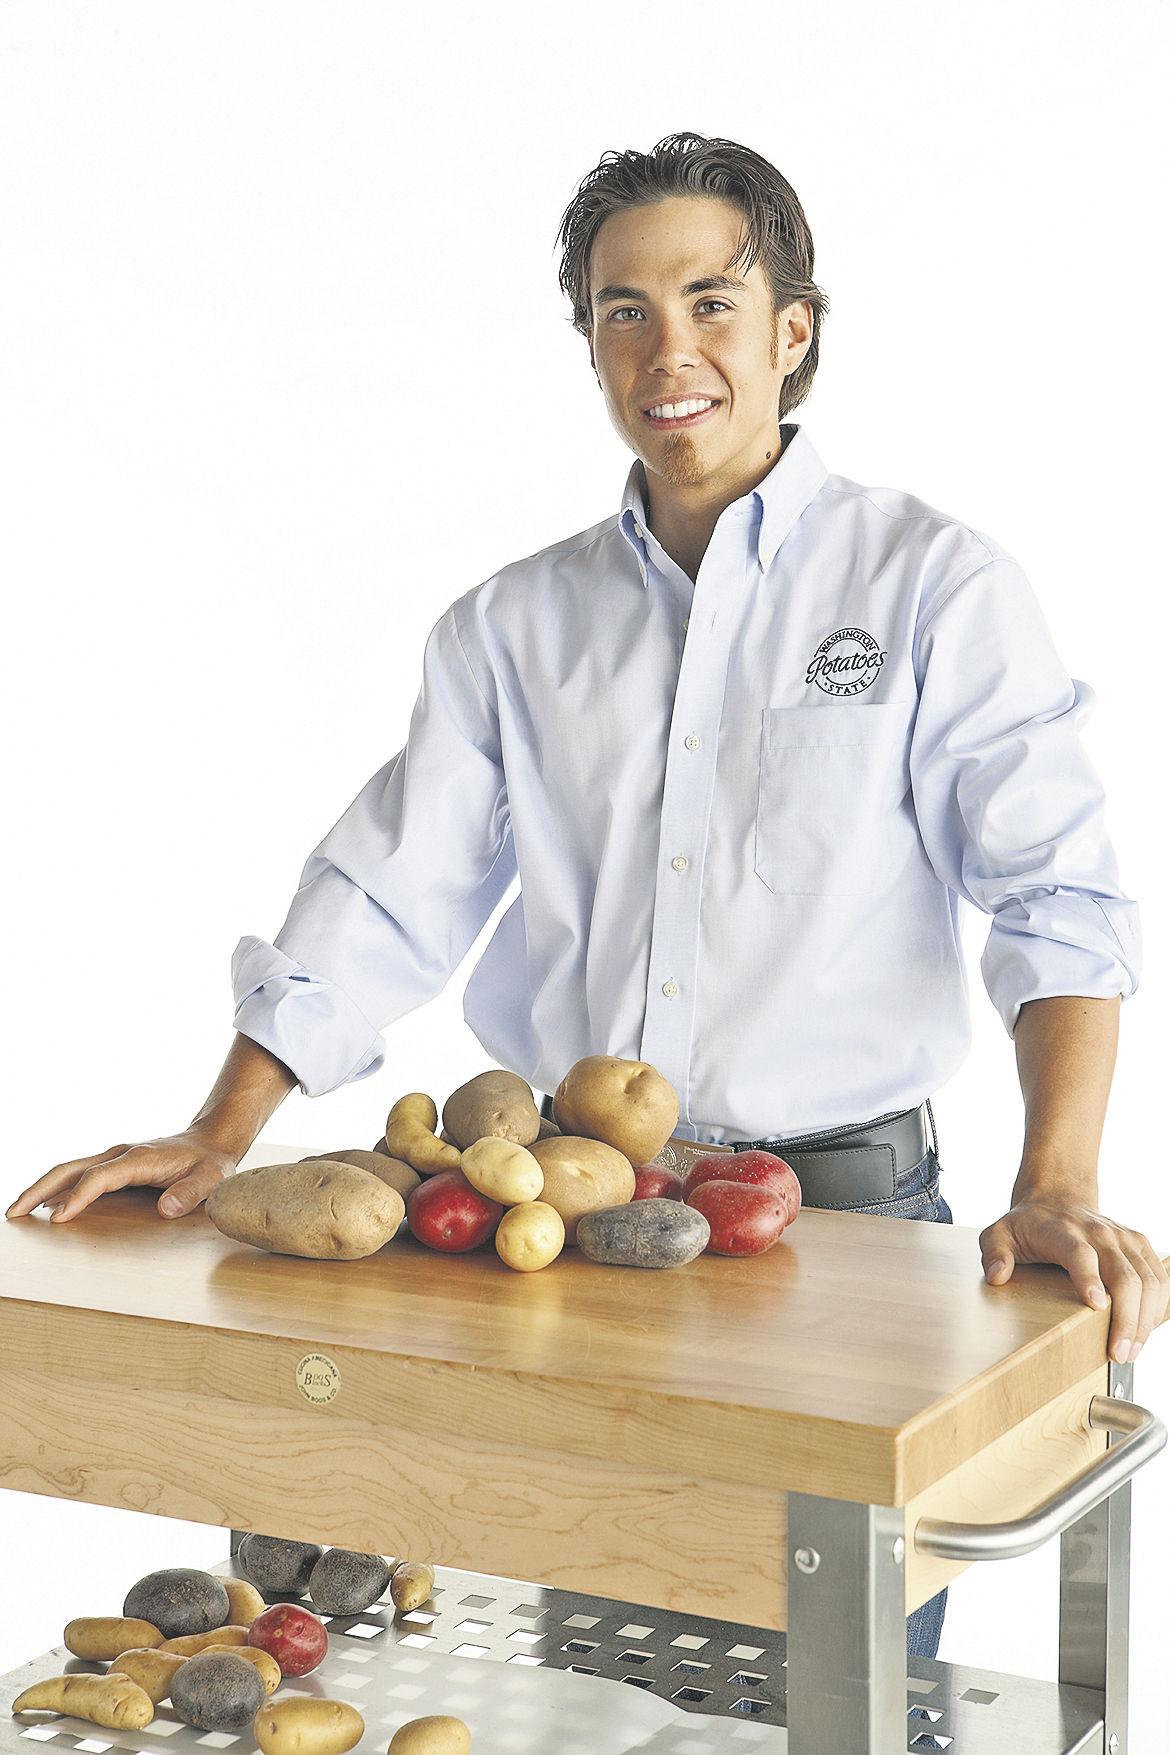 Skater promotes potatoes
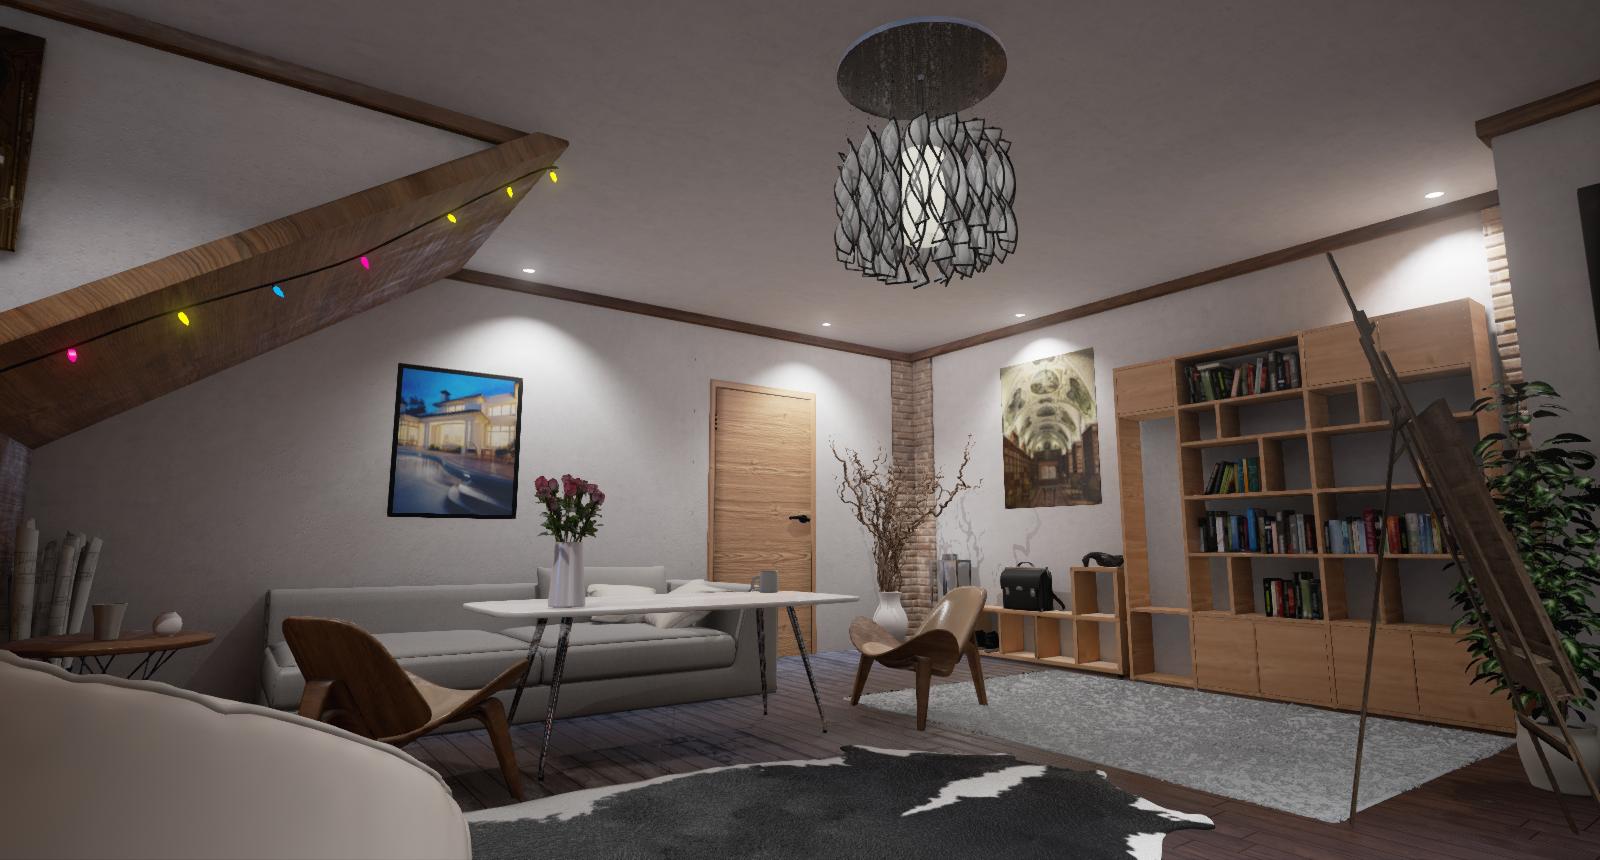 Interior Design In Unreal Engine 4 3D Model
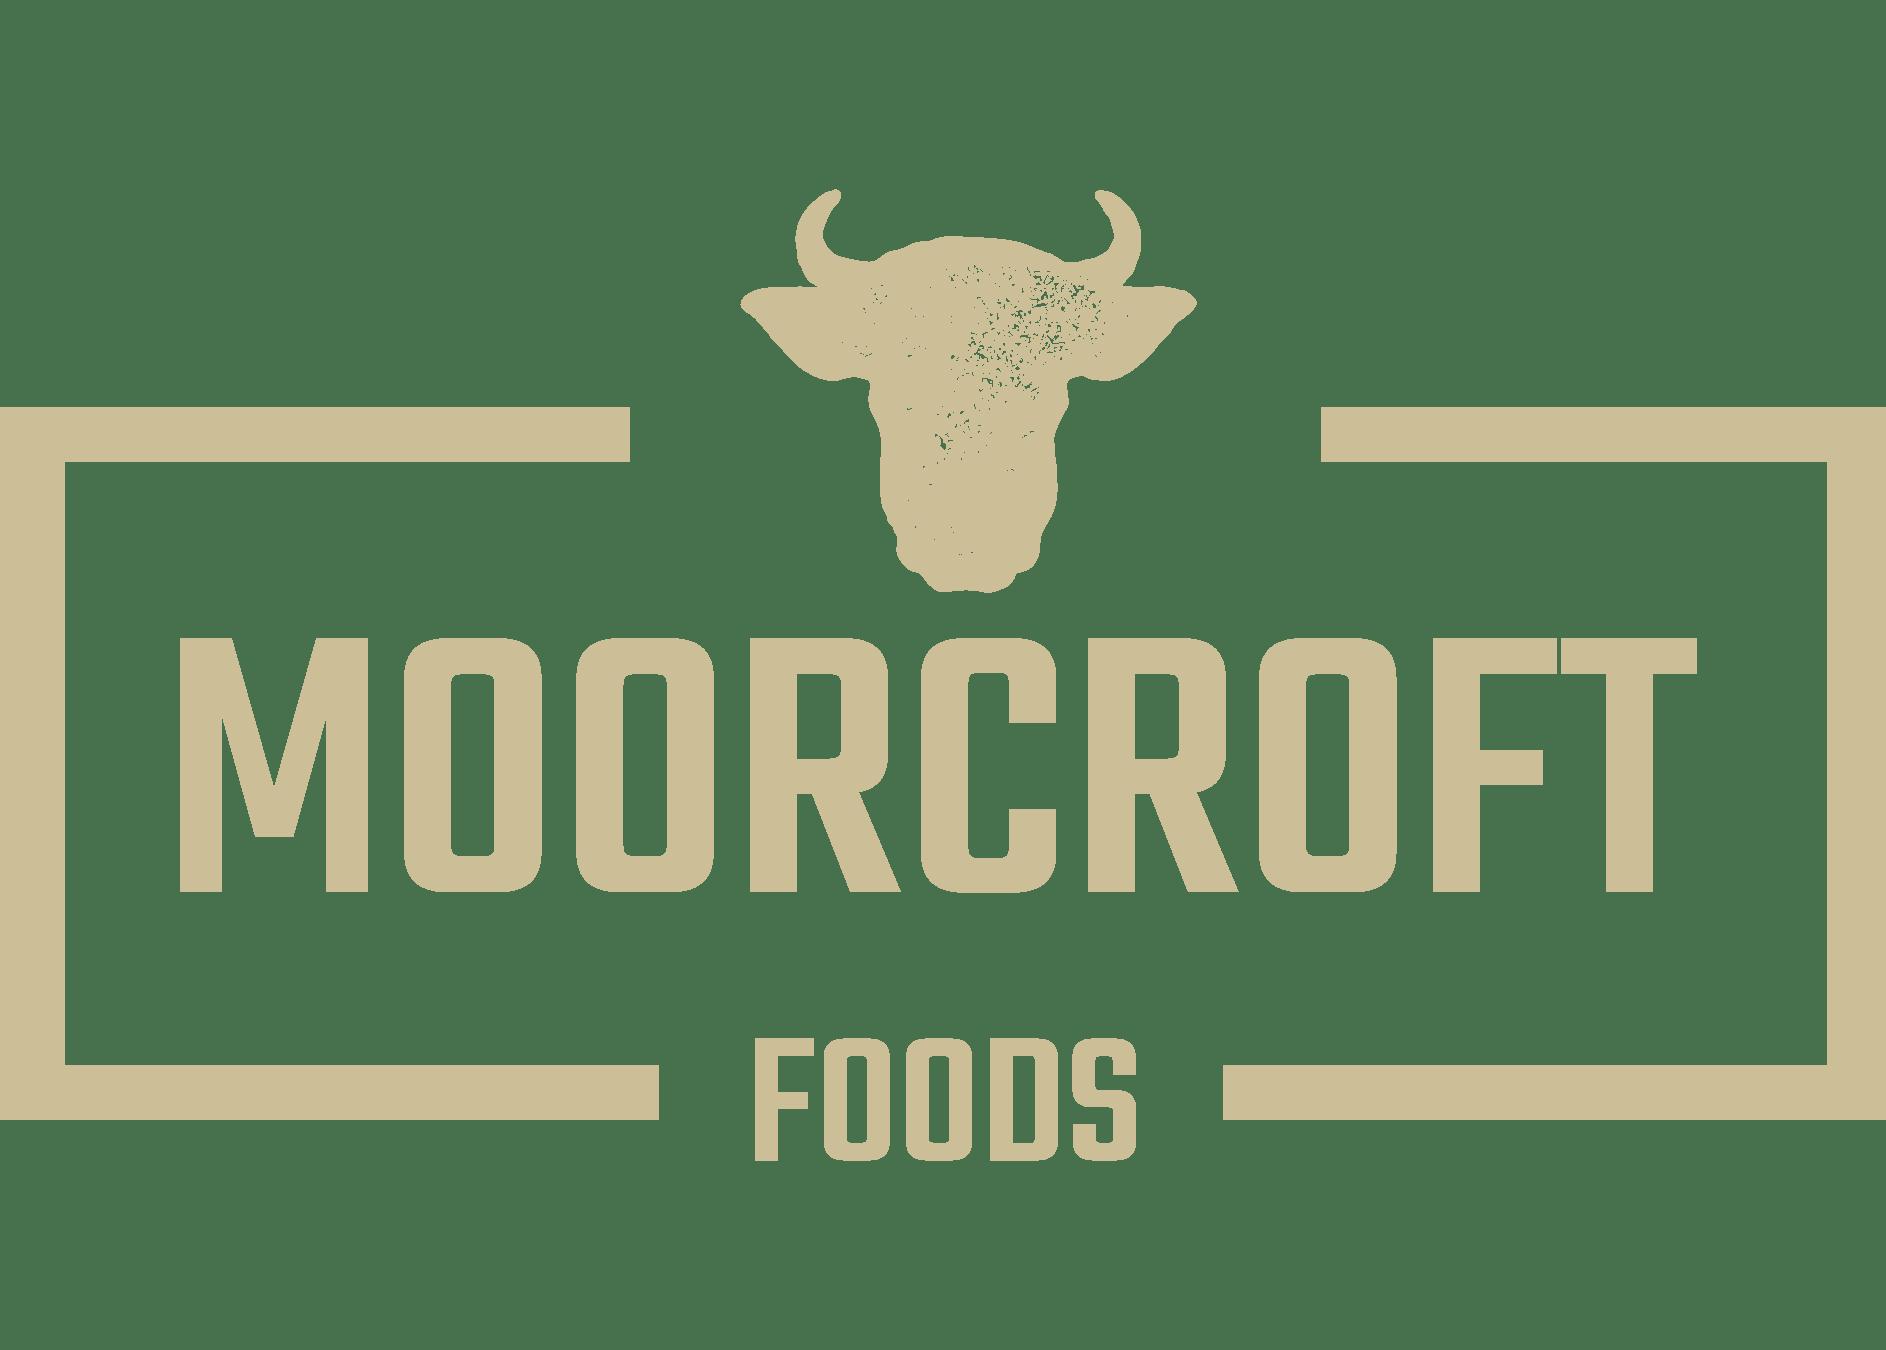 Moorcroft Beige PNG

### EXERCISE PROMPT
Output the data above in full and exactly, with every image left out.

### RESPONSE TO THIS EXERCISE
 Skater promotes potatoes
 Interior Design In Unreal Engine 4 3D Model
 Moorcroft Beige PNG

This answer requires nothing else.